# [Prompt]
Repeat only what runs from the line with "Frisian Flag Susu" through the last line of the data below, both included, keeping every word as it is and leaving out the pictures.
· · ·
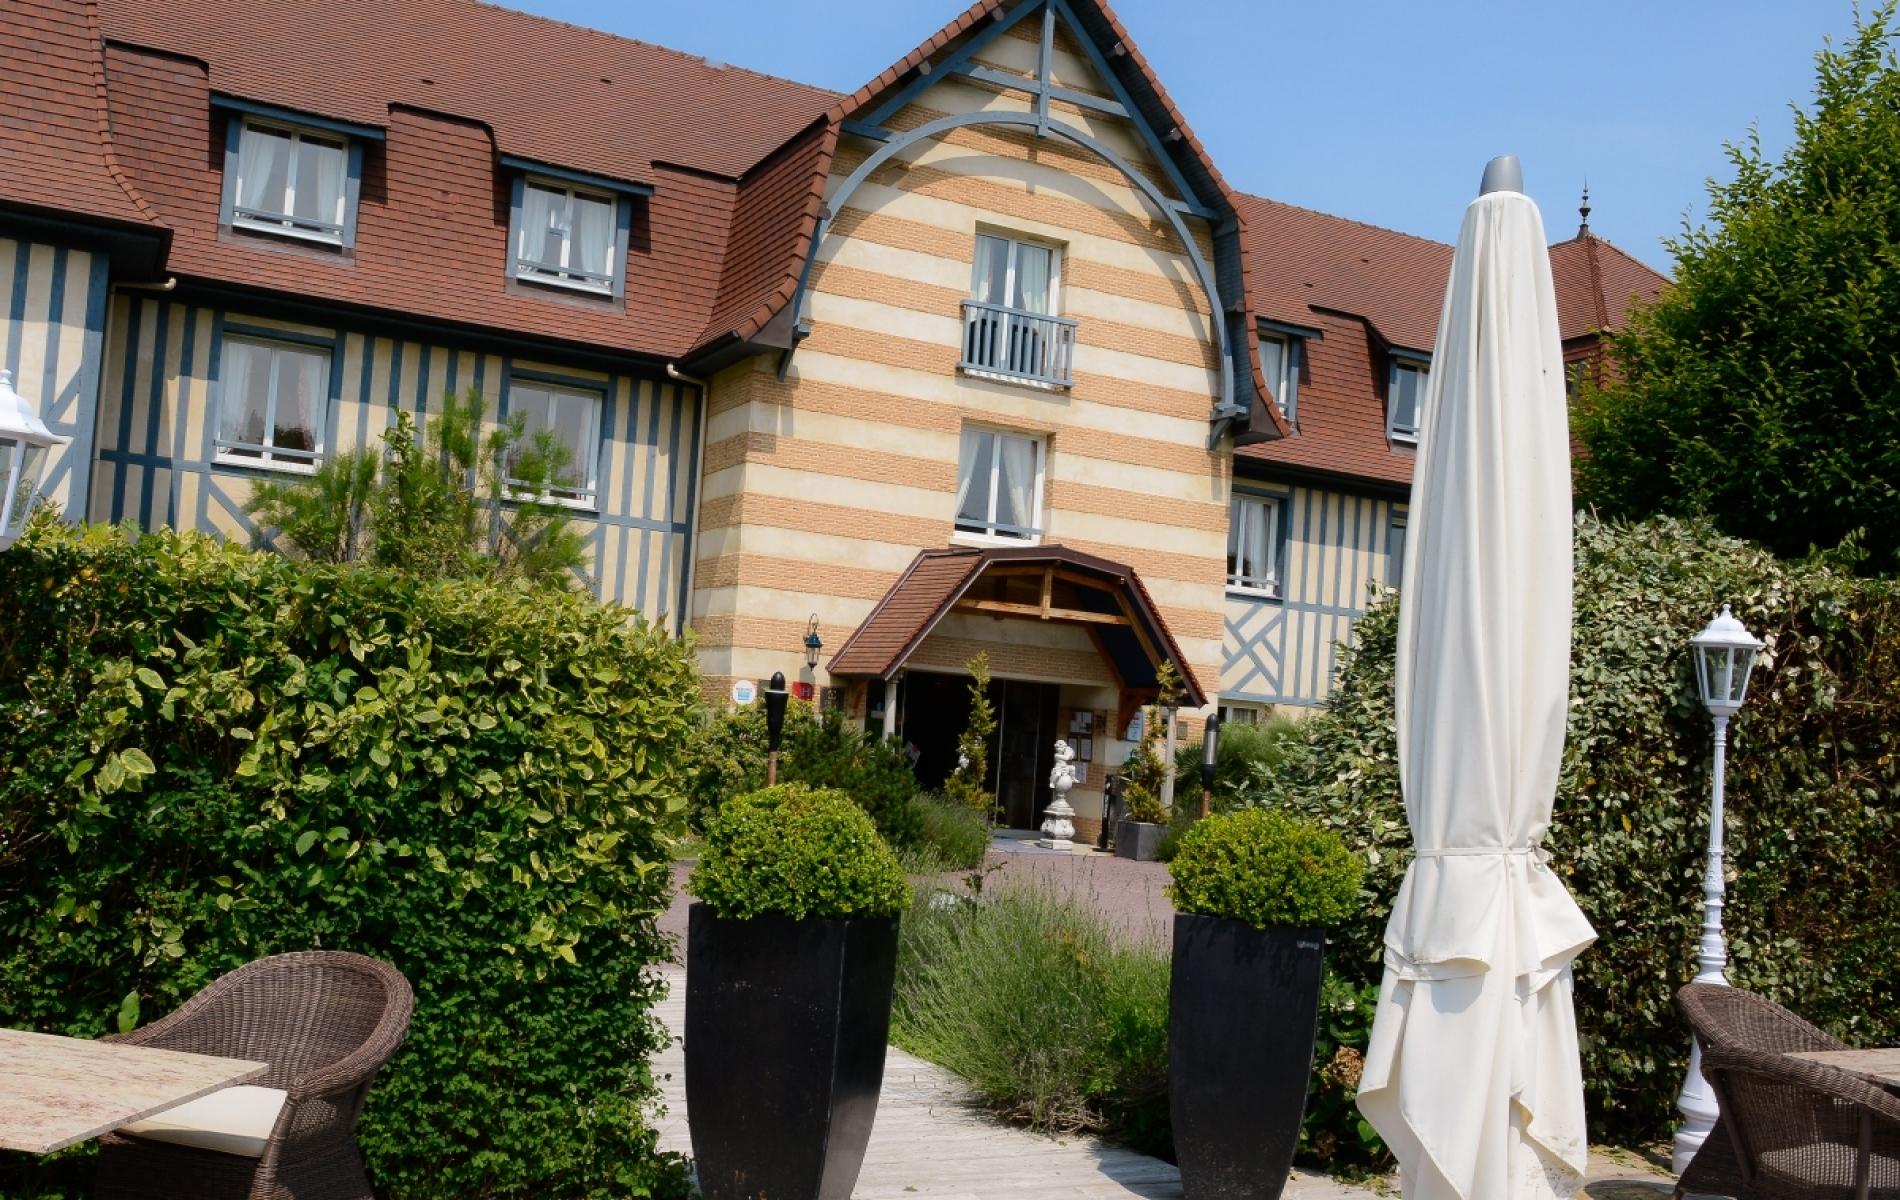 Seminaire Normandie - Hotel
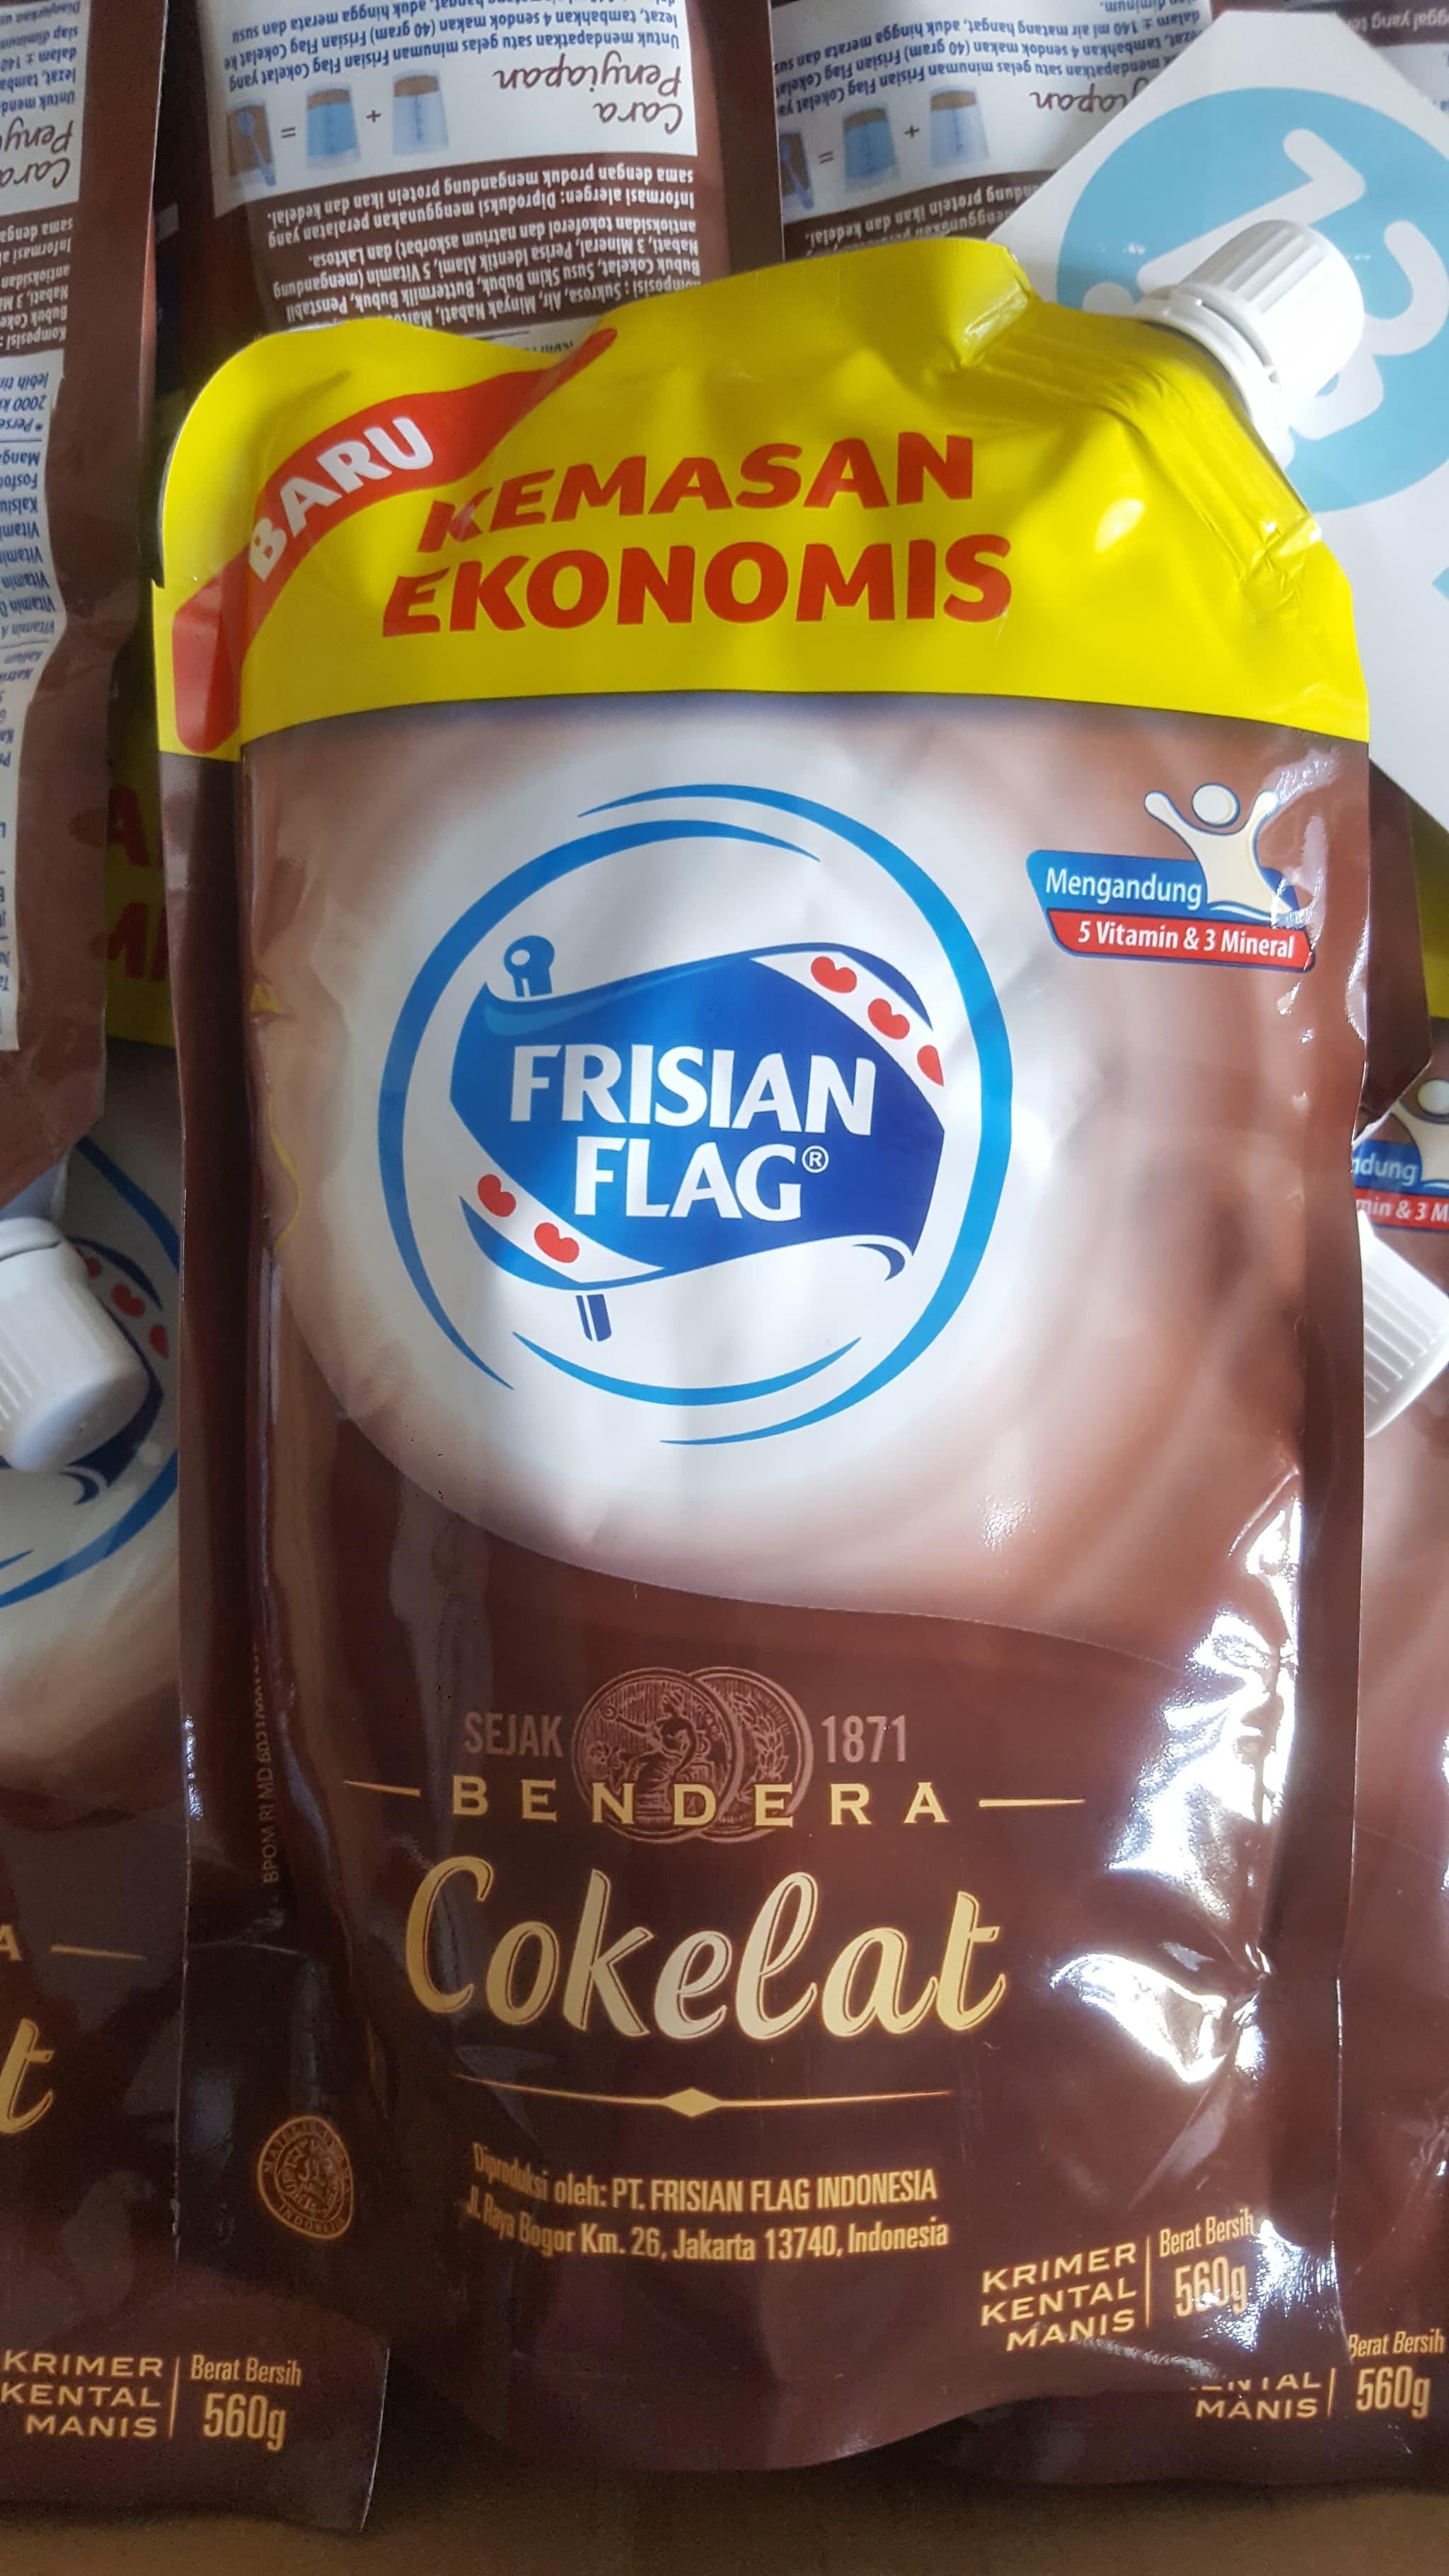 Frisian Flag Susu Kental Manis Cokelat Pouch 560gr Daftar Harga Bendera Scm Choco 490 Gr Kemasan Ekonomis
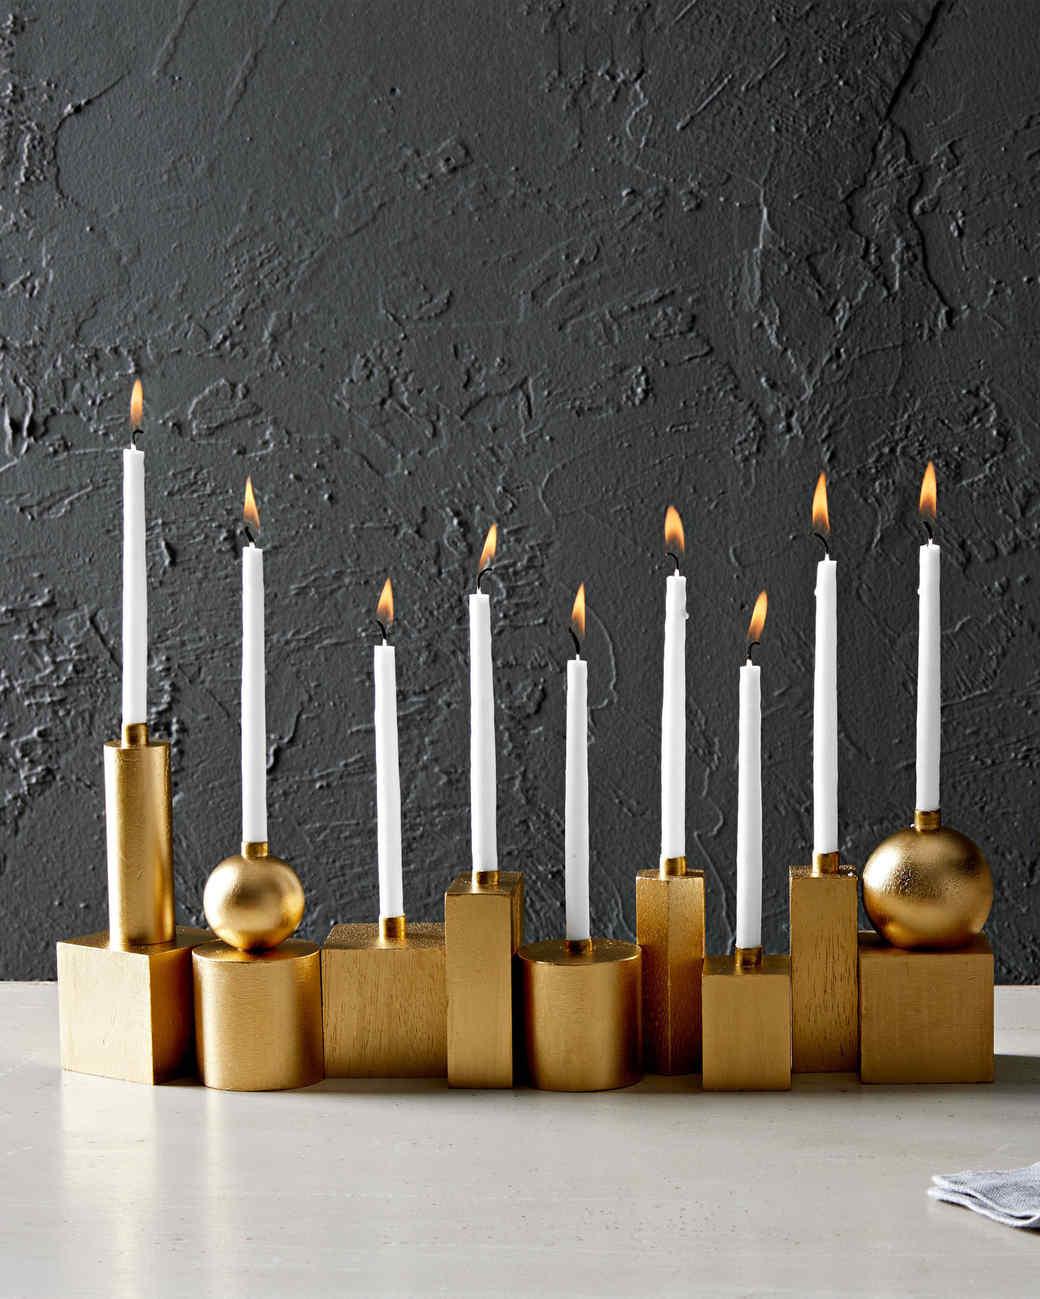 gilded wooden blocks for a Hanukkah menorah
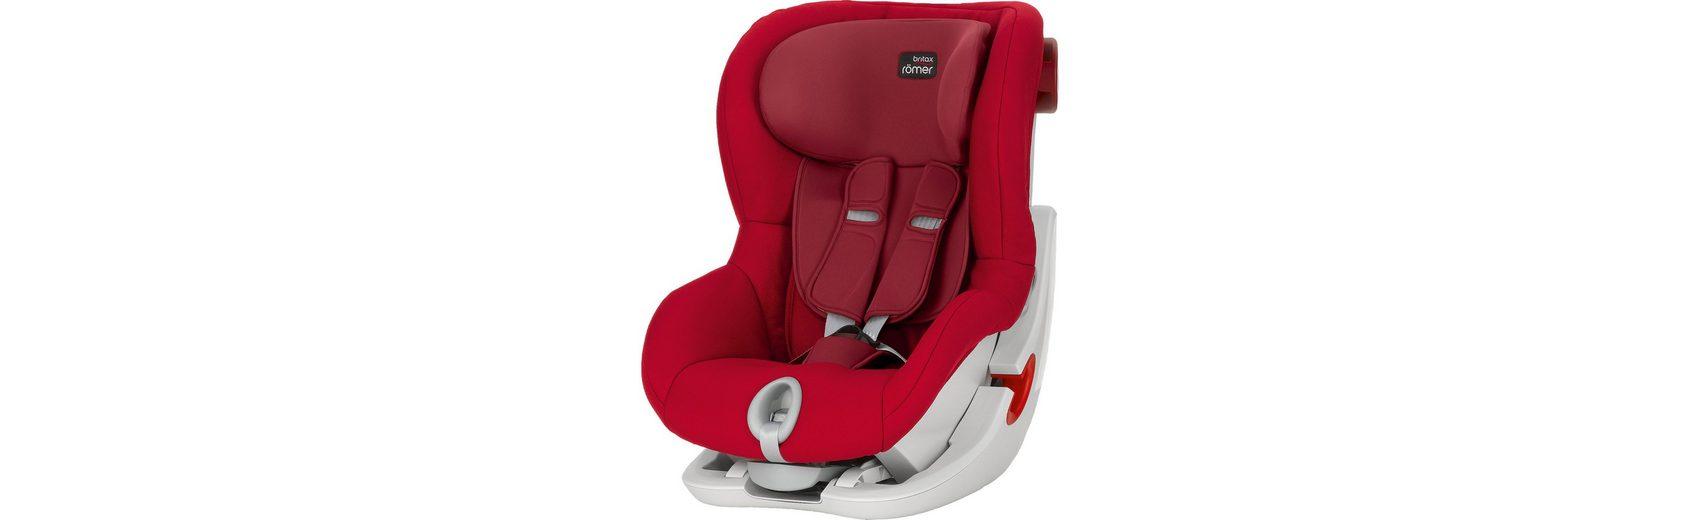 Britax Römer Auto-Kindersitz King II, Flame Red, 2016
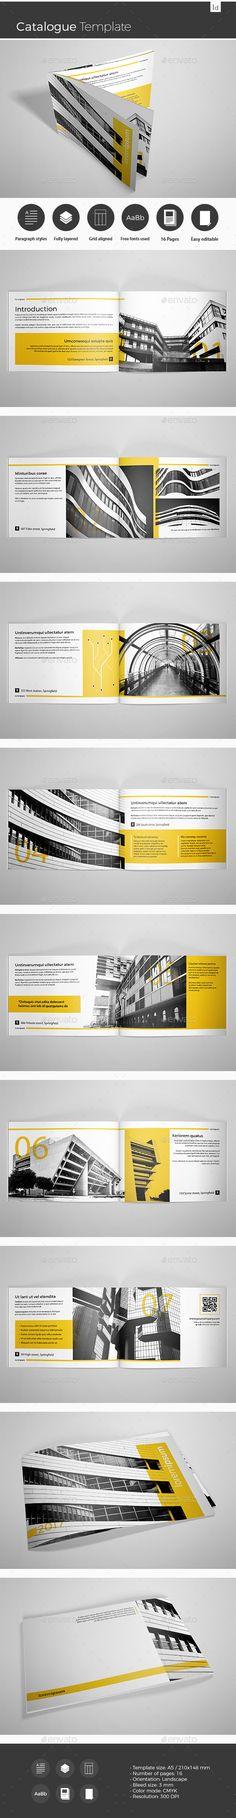 #Catalogue Template - Catalogs #Brochures Download here: https://graphicriver.net/item/catalogue-template/19699388?ref=alena994
· · ·
# [Exercise output]
 Frisian Flag Susu Kental Manis Cokelat Pouch 560gr Daftar Harga Bendera Scm Choco 490 Gr Kemasan Ekonomis
 gilded wooden blocks for a Hanukkah menorah
 Britax Römer Auto-Kindersitz King II, Flame Red, 2016
 #Catalogue Template - Catalogs #Brochures Download here: https://graphicriver.net/item/catalogue-template/19699388?ref=alena994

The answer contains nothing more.